◆ Data block:
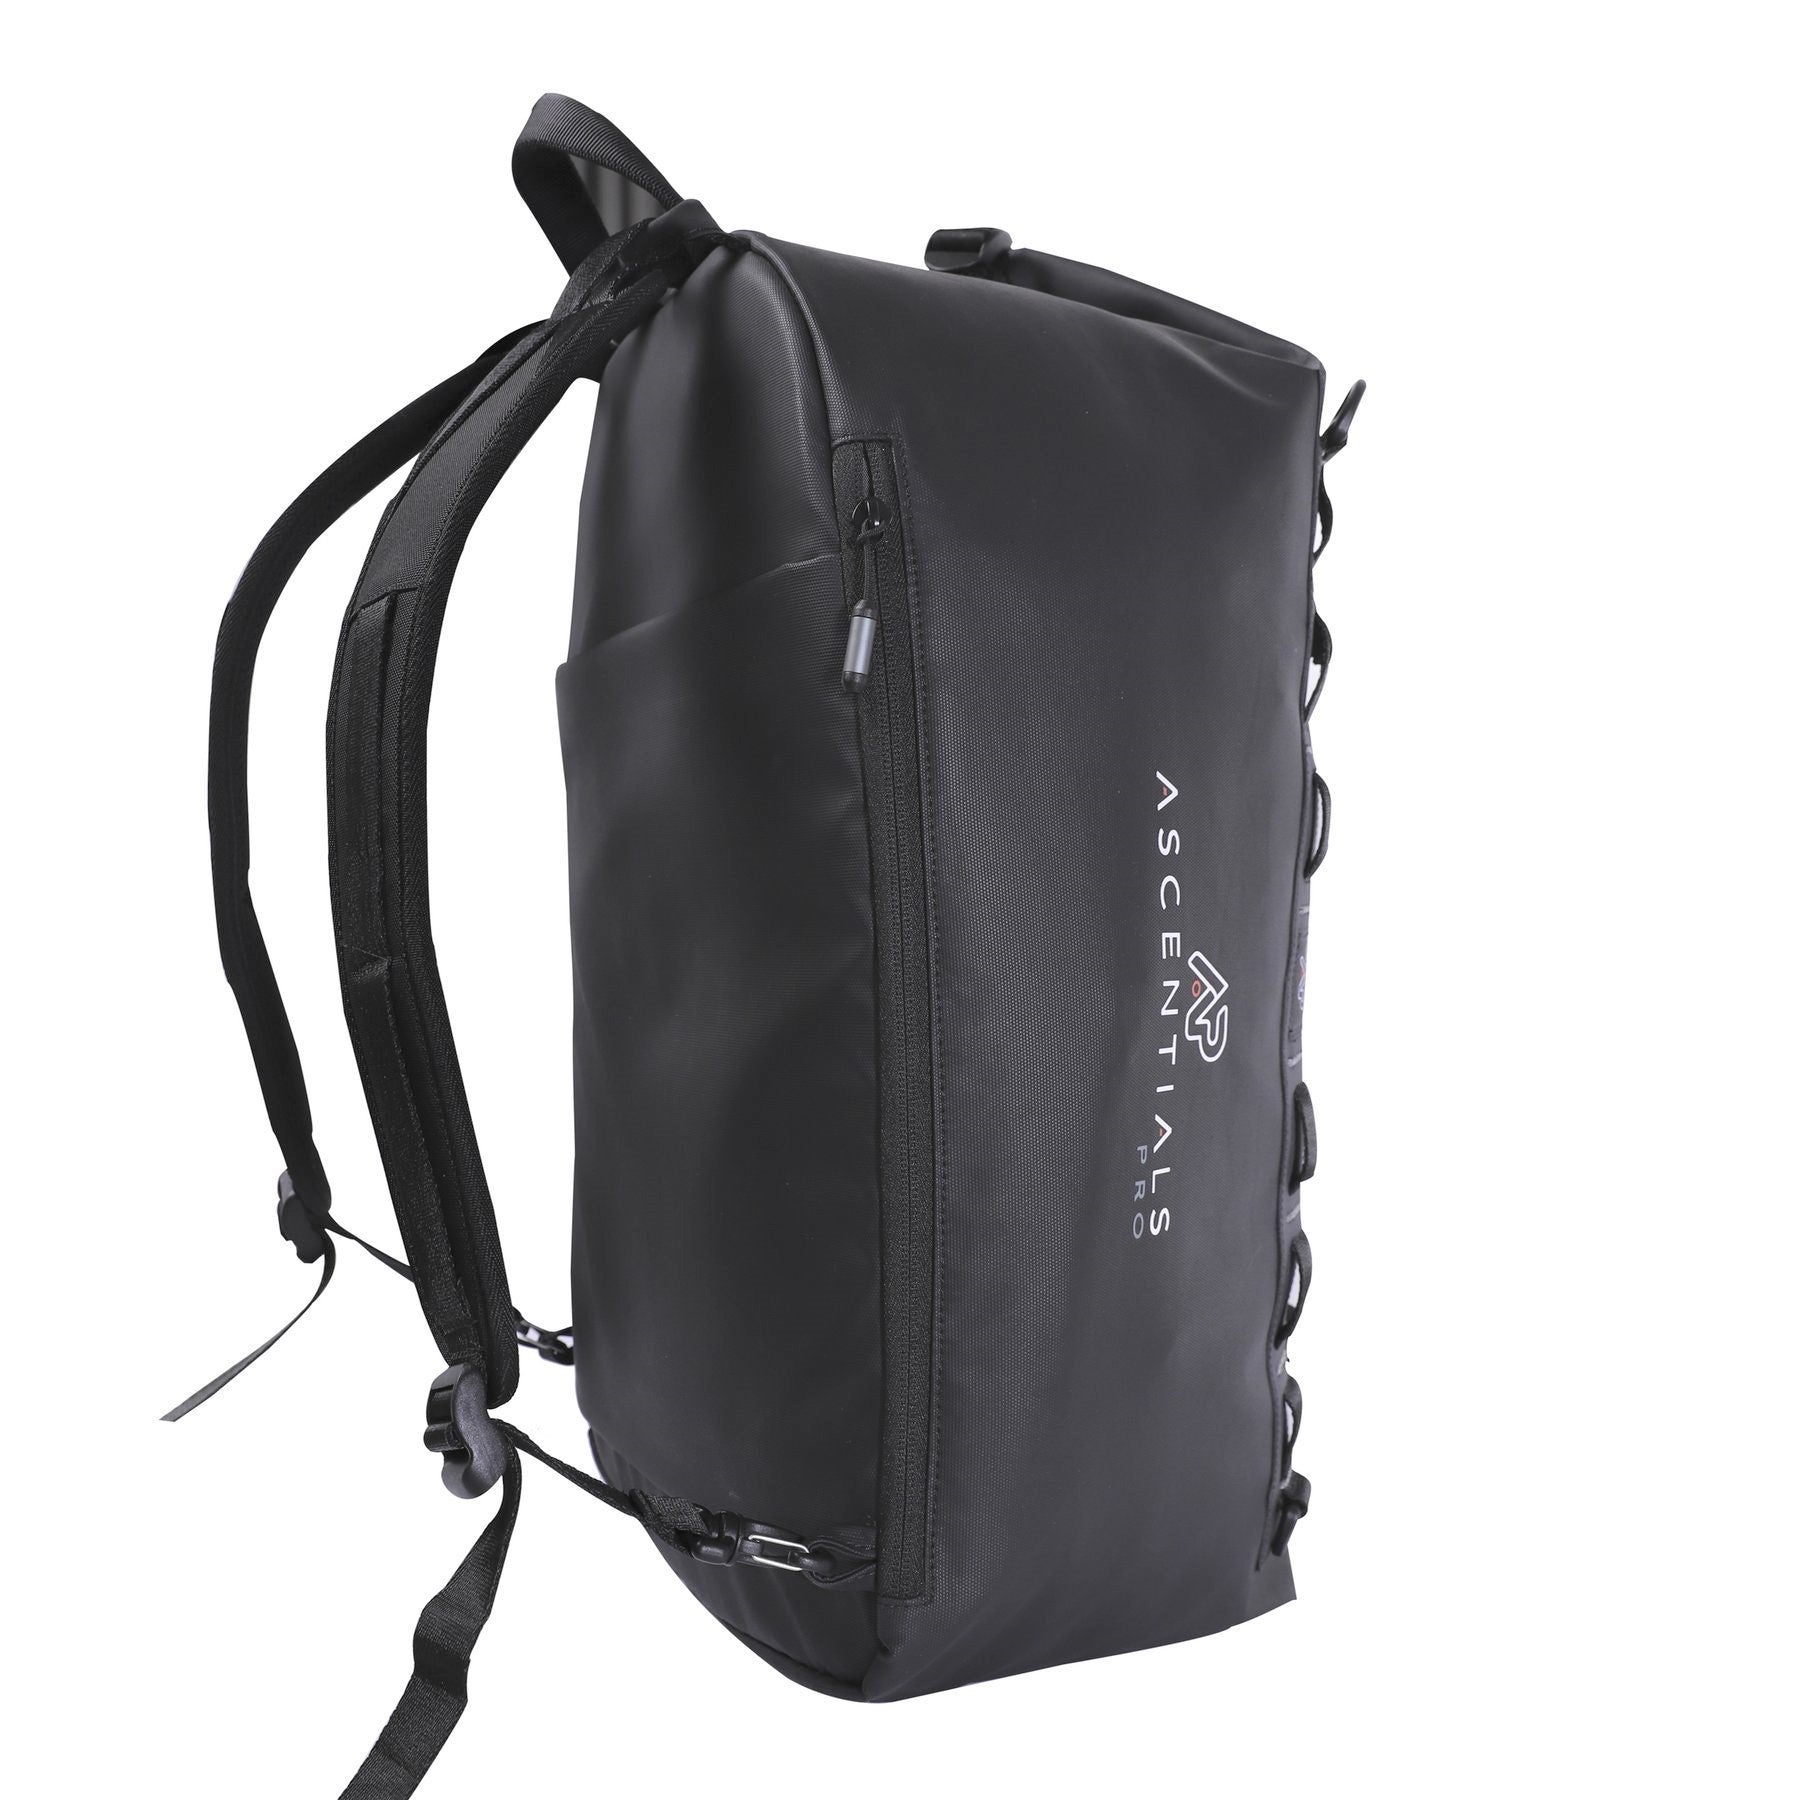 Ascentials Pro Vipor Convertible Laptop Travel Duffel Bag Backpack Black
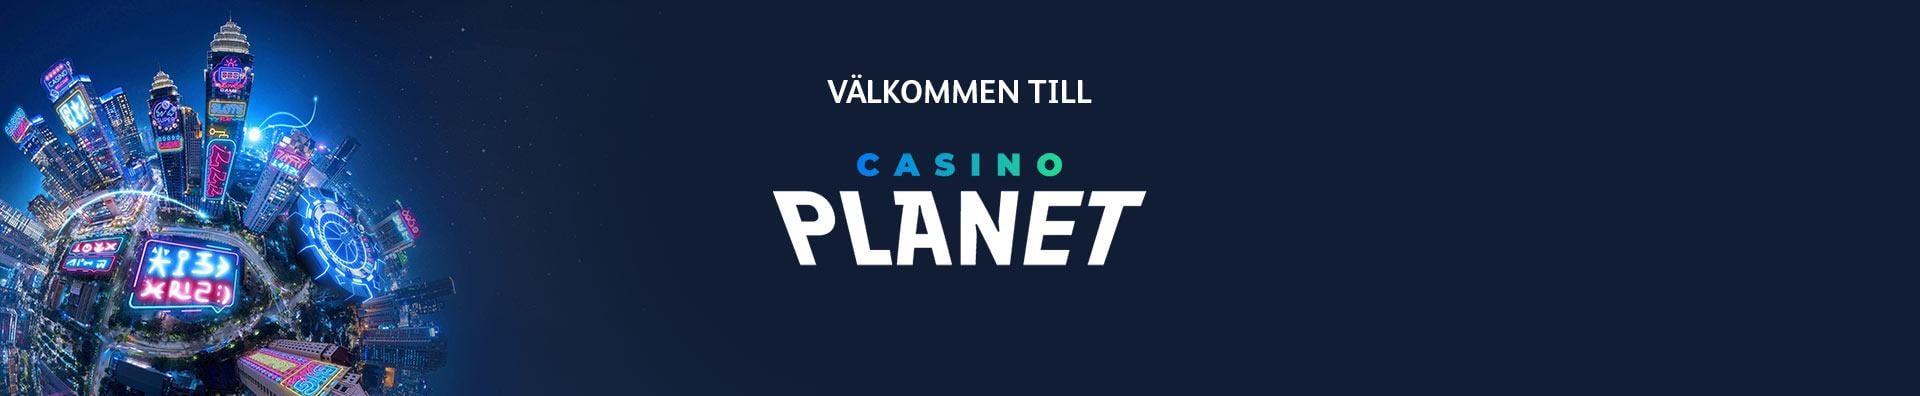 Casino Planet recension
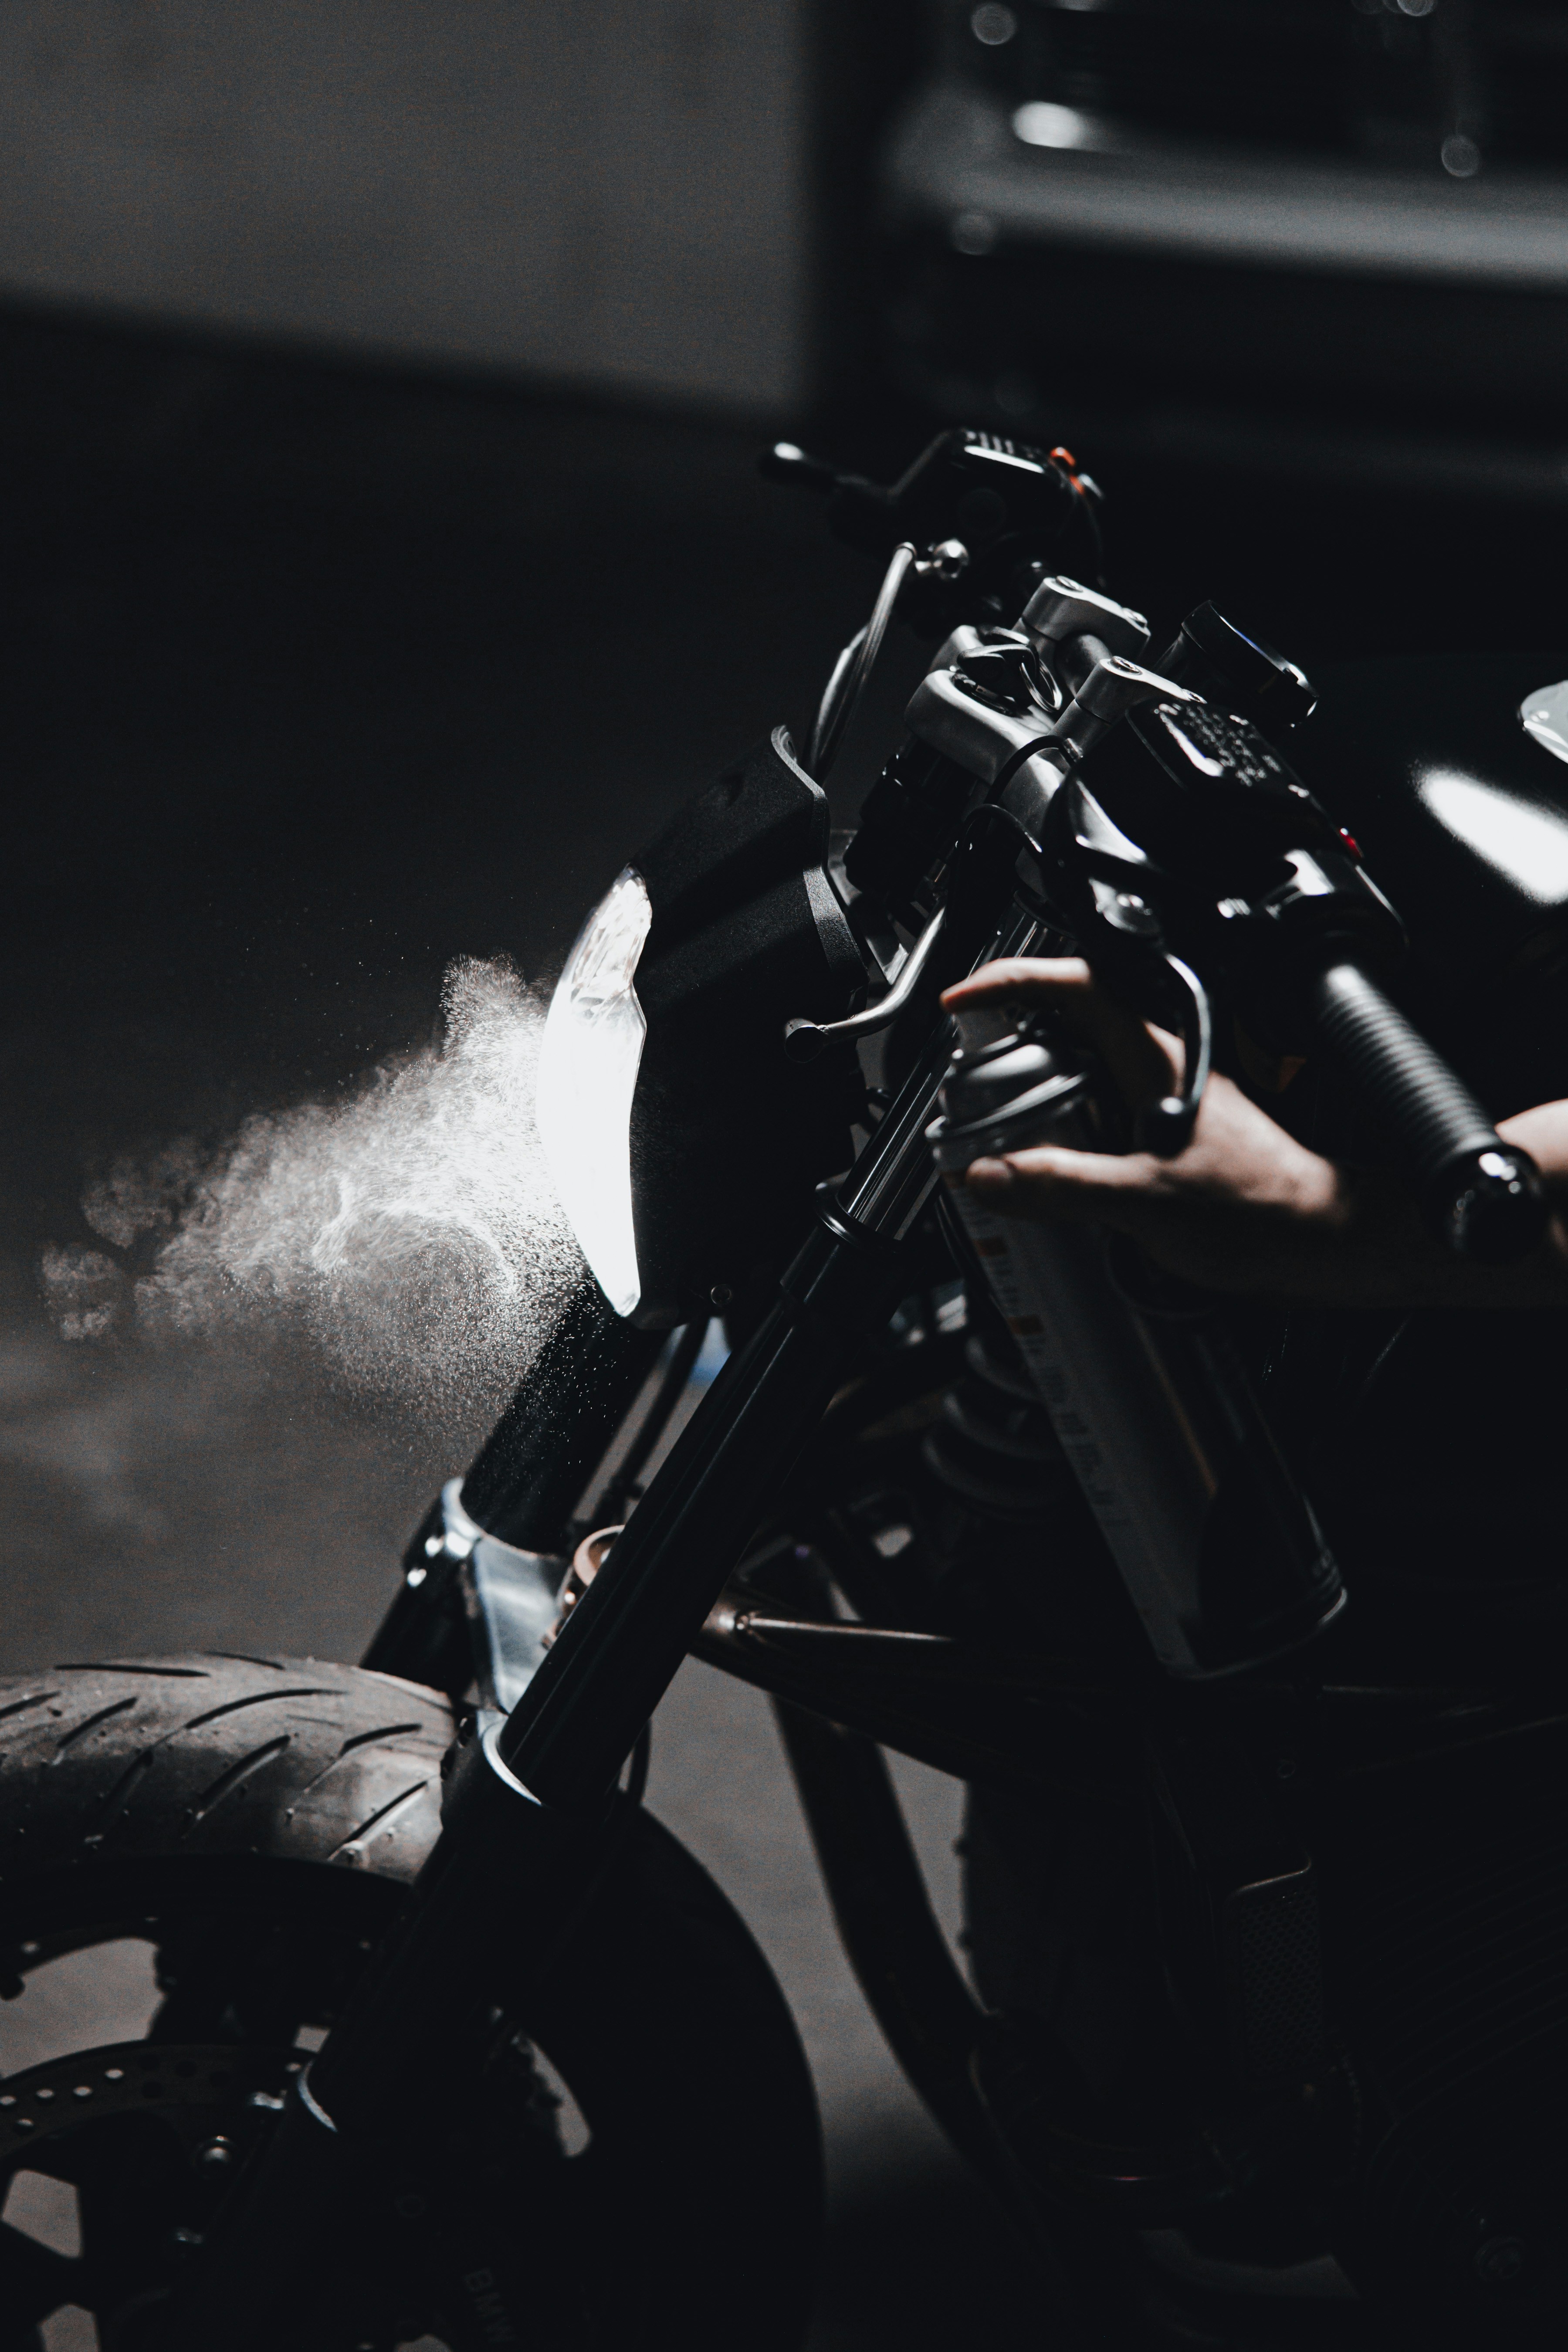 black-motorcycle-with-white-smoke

◆ Directions for this task: Quote the full listing above word for word; exclude every picture from the copy.

◆ Result for this task:
 Ascentials Pro Vipor Convertible Laptop Travel Duffel Bag Backpack Black
 Casino Planet recension
 black-motorcycle-with-white-smoke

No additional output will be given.